» **What is being asked**
Print the listing in full, with no character changed.

++++++++++++++++++++

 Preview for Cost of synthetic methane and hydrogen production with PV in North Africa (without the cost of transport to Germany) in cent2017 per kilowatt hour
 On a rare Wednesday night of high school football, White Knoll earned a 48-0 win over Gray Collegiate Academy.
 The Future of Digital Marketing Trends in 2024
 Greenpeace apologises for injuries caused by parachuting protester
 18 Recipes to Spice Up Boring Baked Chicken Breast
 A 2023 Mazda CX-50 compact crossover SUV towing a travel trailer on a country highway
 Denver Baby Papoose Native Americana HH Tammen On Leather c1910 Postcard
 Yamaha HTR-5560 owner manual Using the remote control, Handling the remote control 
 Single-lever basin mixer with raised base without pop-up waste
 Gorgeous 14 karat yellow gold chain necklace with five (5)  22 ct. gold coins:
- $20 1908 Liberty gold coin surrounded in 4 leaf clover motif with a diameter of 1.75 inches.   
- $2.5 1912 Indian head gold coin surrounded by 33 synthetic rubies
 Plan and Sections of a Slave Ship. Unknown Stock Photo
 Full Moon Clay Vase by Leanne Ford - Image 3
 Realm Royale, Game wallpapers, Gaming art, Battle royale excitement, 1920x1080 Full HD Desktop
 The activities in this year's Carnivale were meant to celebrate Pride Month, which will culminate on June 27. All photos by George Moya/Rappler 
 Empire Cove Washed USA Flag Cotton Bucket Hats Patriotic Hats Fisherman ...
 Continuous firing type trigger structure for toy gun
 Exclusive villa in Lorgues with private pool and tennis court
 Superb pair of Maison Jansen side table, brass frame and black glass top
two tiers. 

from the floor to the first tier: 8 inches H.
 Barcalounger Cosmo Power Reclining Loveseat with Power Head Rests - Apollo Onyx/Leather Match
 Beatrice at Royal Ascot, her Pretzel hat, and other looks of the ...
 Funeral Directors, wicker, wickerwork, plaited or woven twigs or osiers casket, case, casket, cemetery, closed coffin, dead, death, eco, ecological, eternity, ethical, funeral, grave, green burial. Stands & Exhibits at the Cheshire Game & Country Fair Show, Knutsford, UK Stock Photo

++++++++++++++++++++

» **Your response**
 Preview for Cost of synthetic methane and hydrogen production with PV in North Africa (without the cost of transport to Germany) in cent2017 per kilowatt hour
 On a rare Wednesday night of high school football, White Knoll earned a 48-0 win over Gray Collegiate Academy.
 The Future of Digital Marketing Trends in 2024
 Greenpeace apologises for injuries caused by parachuting protester
 18 Recipes to Spice Up Boring Baked Chicken Breast
 A 2023 Mazda CX-50 compact crossover SUV towing a travel trailer on a country highway
 Denver Baby Papoose Native Americana HH Tammen On Leather c1910 Postcard
 Yamaha HTR-5560 owner manual Using the remote control, Handling the remote control 
 Single-lever basin mixer with raised base without pop-up waste
 Gorgeous 14 karat yellow gold chain necklace with five (5)  22 ct. gold coins:
- $20 1908 Liberty gold coin surrounded in 4 leaf clover motif with a diameter of 1.75 inches.   
- $2.5 1912 Indian head gold coin surrounded by 33 synthetic rubies
 Plan and Sections of a Slave Ship. Unknown Stock Photo
 Full Moon Clay Vase by Leanne Ford - Image 3
 Realm Royale, Game wallpapers, Gaming art, Battle royale excitement, 1920x1080 Full HD Desktop
 The activities in this year's Carnivale were meant to celebrate Pride Month, which will culminate on June 27. All photos by George Moya/Rappler 
 Empire Cove Washed USA Flag Cotton Bucket Hats Patriotic Hats Fisherman ...
 Continuous firing type trigger structure for toy gun
 Exclusive villa in Lorgues with private pool and tennis court
 Superb pair of Maison Jansen side table, brass frame and black glass top
two tiers. 

from the floor to the first tier: 8 inches H.
 Barcalounger Cosmo Power Reclining Loveseat with Power Head Rests - Apollo Onyx/Leather Match
 Beatrice at Royal Ascot, her Pretzel hat, and other looks of the ...
 Funeral Directors, wicker, wickerwork, plaited or woven twigs or osiers casket, case, casket, cemetery, closed coffin, dead, death, eco, ecological, eternity, ethical, funeral, grave, green burial. Stands & Exhibits at the Cheshire Game & Country Fair Show, Knutsford, UK Stock Photo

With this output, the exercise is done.